Zero Shot Molecular Generation via Similarity Kernels

Rokas Elijošius,Fabian Zills,Ilyes Batatia,Sam Walton Norwood,Dávid Péter Kovács,Christian Holm,Gábor Csányi
2024-02-14
Abstract:Generative modelling aims to accelerate the discovery of novel chemicals by directly proposing structures with desirable properties. Recently, score-based, or diffusion, generative models have significantly outperformed previous approaches. Key to their success is the close relationship between the score and physical force, allowing the use of powerful equivariant neural networks. However, the behaviour of the learnt score is not yet well understood. Here, we analyse the score by training an energy-based diffusion model for molecular generation. We find that during the generation the score resembles a restorative potential initially and a quantum-mechanical force at the end. In between the two endpoints, it exhibits special properties that enable the building of large molecules. Using insights from the trained model, we present Similarity-based Molecular Generation (SiMGen), a new method for zero shot molecular generation. SiMGen combines a time-dependent similarity kernel with descriptors from a pretrained machine learning force field to generate molecules without any further training. Our approach allows full control over the molecular shape through point cloud priors and supports conditional generation. We also release an interactive web tool that allows users to generate structures with SiMGen online (
Chemical Physics,Machine Learning
What problem does this paper attempt to address?

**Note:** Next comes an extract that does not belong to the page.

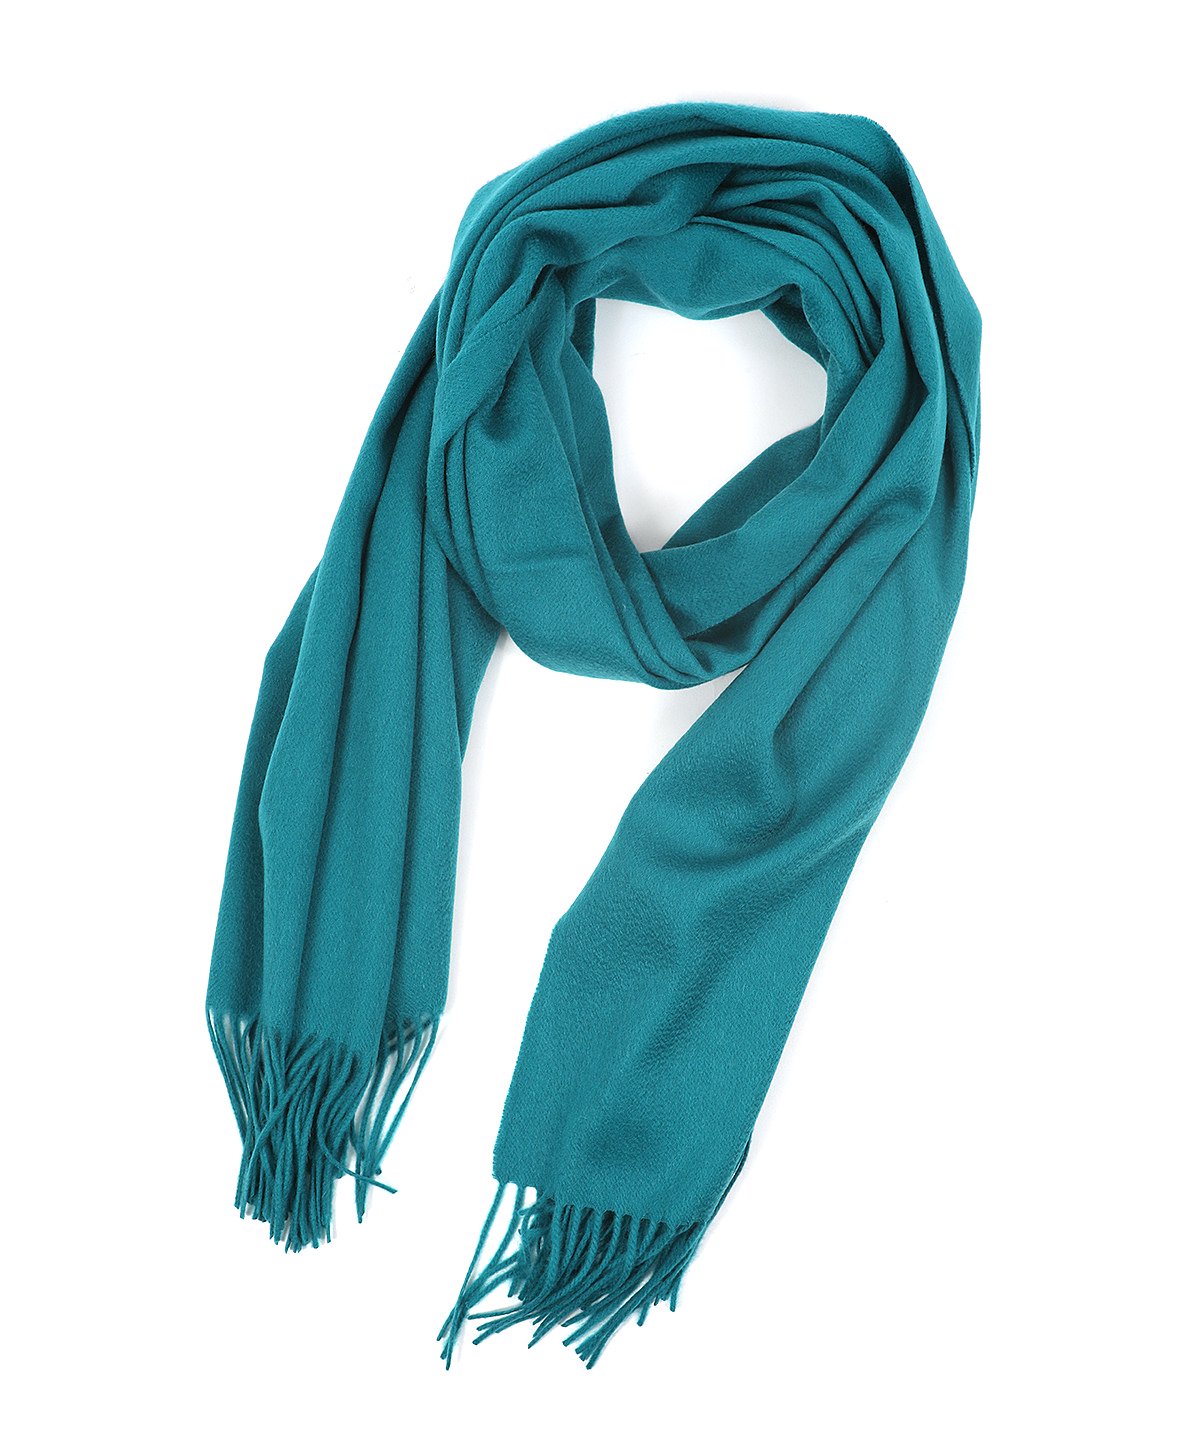 YOUNG'S BEST CASHMERE SCARF

This paper mainly discusses the problem of molecular generation, especially the method of zero-shot molecular generation through similarity kernel. Existing generation models, especially diffusion models, have shown excellent performance in accelerating the discovery of new chemicals, but their working principles are not fully understood. The researchers analyzed the scoring function by training an energy-based diffusion model and found that the score is initially similar to the restoring potential and then becomes a quantum mechanical force during the generation process. They proposed a new method called Similarity-based Molecular Generation (SiMGen), which combines time-dependent similarity kernels and pre-trained machine learning force field descriptors to generate molecules without further training. SiMGen allows comprehensive control over the shape of molecules and supports conditional generation. This approach addresses the limitations of traditional methods such as ab initio random structure searching (AIRSS) in generating complex molecules, which often result in fragmented molecules. SiMGen utilizes local similarity kernels and pre-trained machine learning force fields to achieve local and scalable generation processes, enabling the construction of large molecules and conditional generation. Furthermore, the paper mentions that although diffusion models perform well in 3D molecular generation, they suffer from poor scalability, limited user control, and low transferability. SiMGen solves these problems by using similarity kernels and evolutionary algorithms, providing a "zero-shot" generation method without the need for model training. In summary, this paper aims to address how to efficiently generate novel molecules with desirable properties, especially overcoming the challenges of existing methods in generating complex and large molecules, and proposes a novel similarity-based generation strategy.